Мэтью подошел к миссис Свенскотт. Он несколько щадил левую ногу, но воспаление от раны вовремя перехватили и вылечили, опухоль спала, и доктор Вандерброкен — который решил, что уход на покой, игра на скрипке и прочая муть не отвечают его пламенной натуре, — объявил, что опасности нет, и дал Мэтью подзатыльник за то, что тот вообще заставил его думать об ампутационной пиле. О других ранах Мэтью даже много говорить не стоило, если не считать большого пластыря, прикрывавшего жуткий разрез у левого глаза. Ну и еще два пластыря, поменьше, на щеках, царапины, ссадины и синяки, а также сильный запах окопниково-чесночной мази на заживающих порезах под пластырем на лбу. Останутся ли у него боевые шрамы? На этот вопрос очень умелый, но вспыльчивый доктор сверкнул очками и ответил так: «Хотите боевых шрамов, молодой человек? Так вот, если вы насчет шрамов не заткнетесь, не будете держать раны в чистоте и пользоваться той мазью, что я вам назвал, я устрою вам такой бой, какого вы в жизни не видели».

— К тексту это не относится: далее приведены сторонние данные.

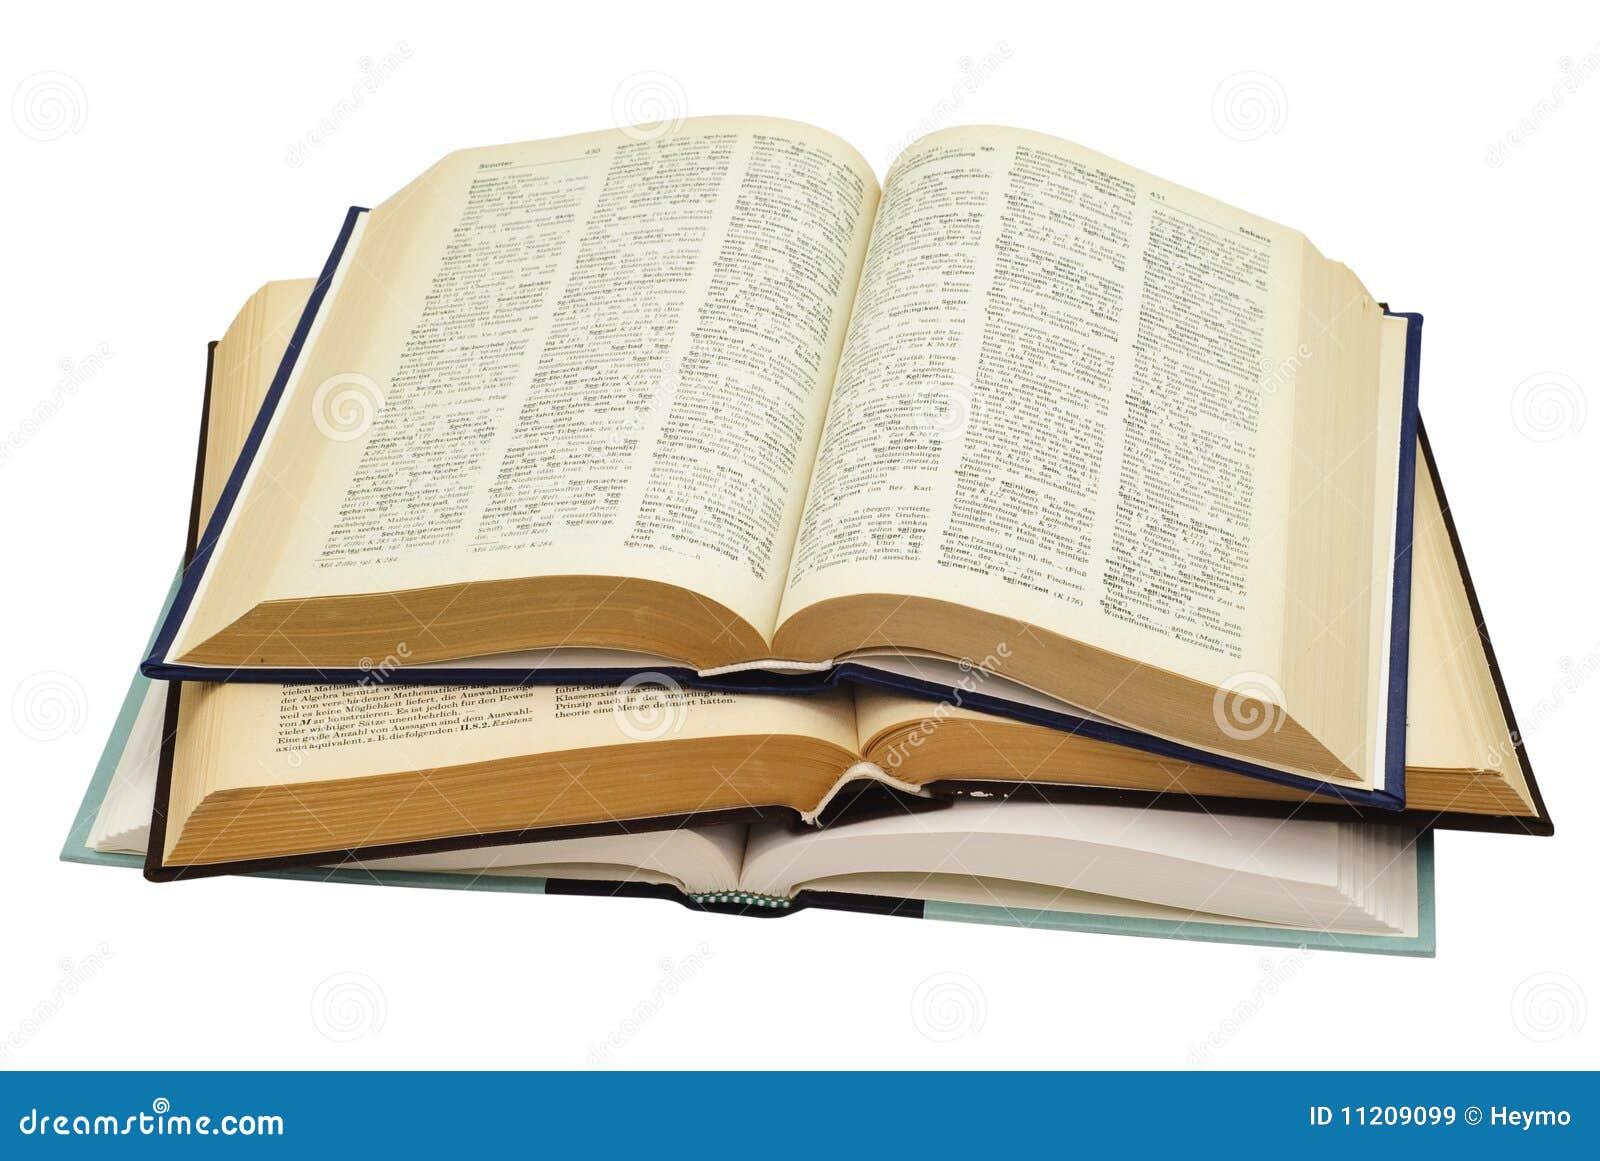 Tres Libros Abiertos Fotografía de archivo libre de regalías ...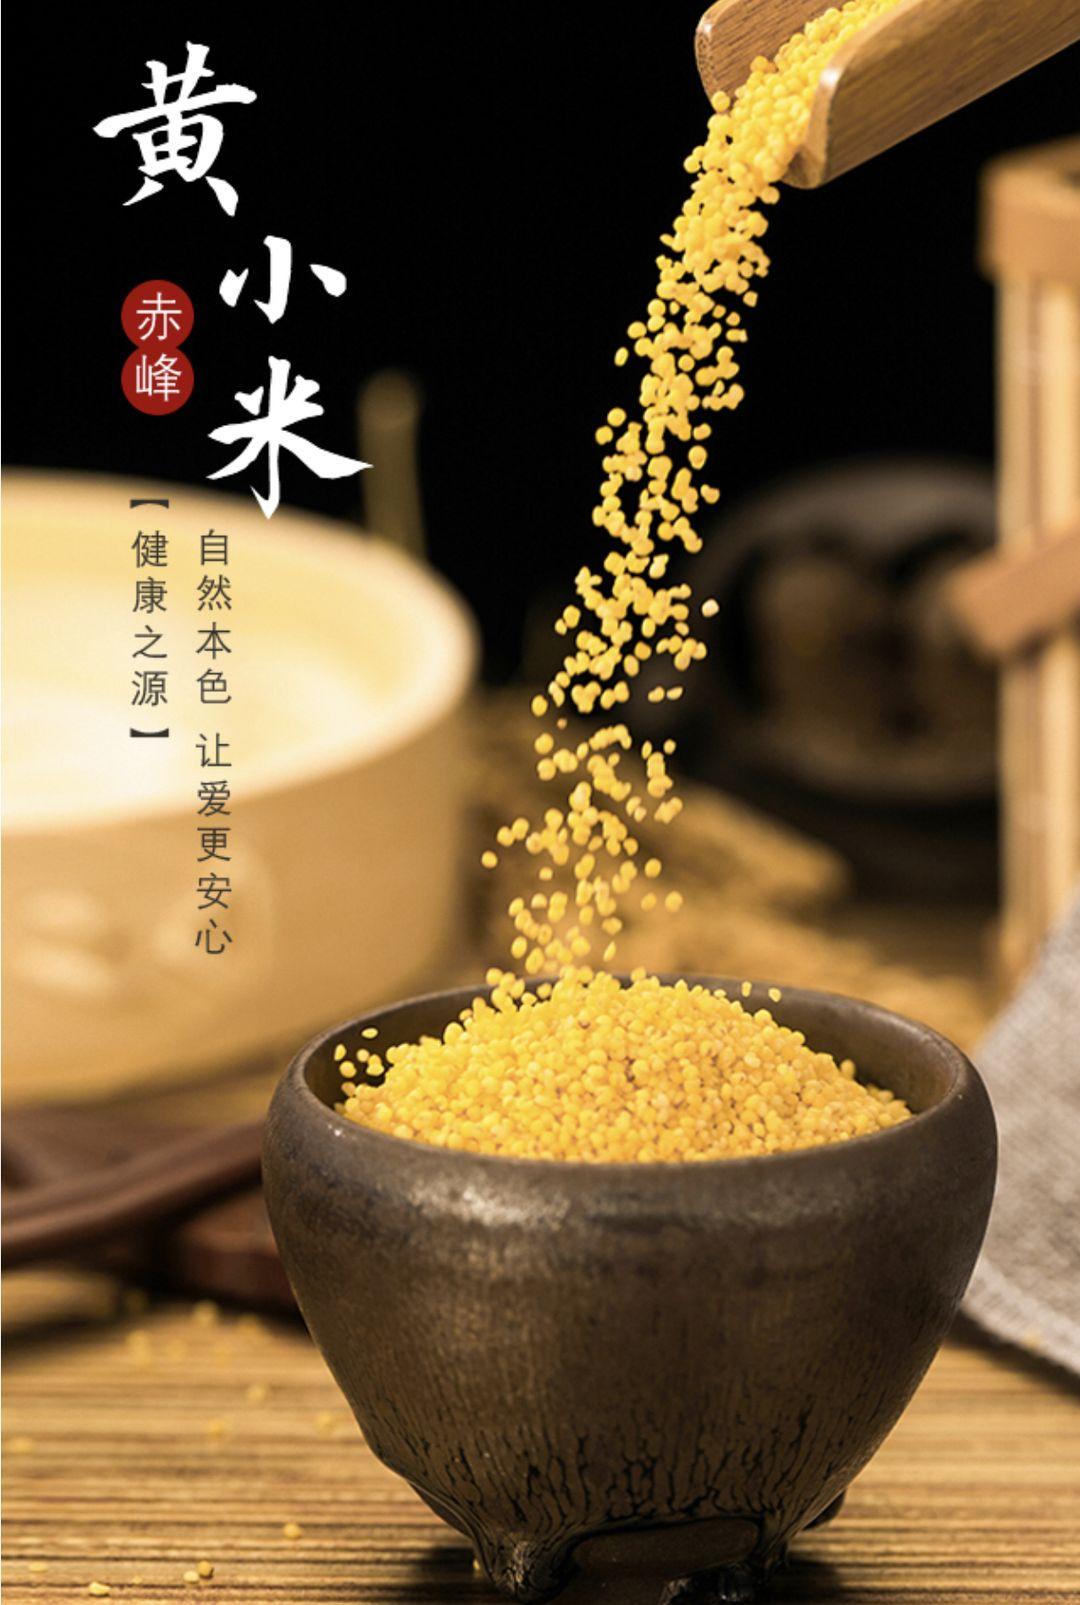 赤锋黄小米

А самую сильную боль, если уж об этом зашла речь, доставлял не порез от шпаги на правой руке — к счастью, он был неглубок и внимания не стоил, но рана на левом плече под мокрой повязкой из чеснока и окопника — рана от ястребиного когтя, вспоровшего сюртук и показавшего, как в долю секунды от кардинала остался только вихрь красных перьев. Эта рана тоже заживала, но Вандерброкен именно ее проверял чаще других, поскольку она доходила до кости, и Мэтью приходилось стискивать зубы, когда она болела, как последняя сволочь, обычно среди ночи. Та самая рука, которую так тщательно смял Одноглазый три года назад.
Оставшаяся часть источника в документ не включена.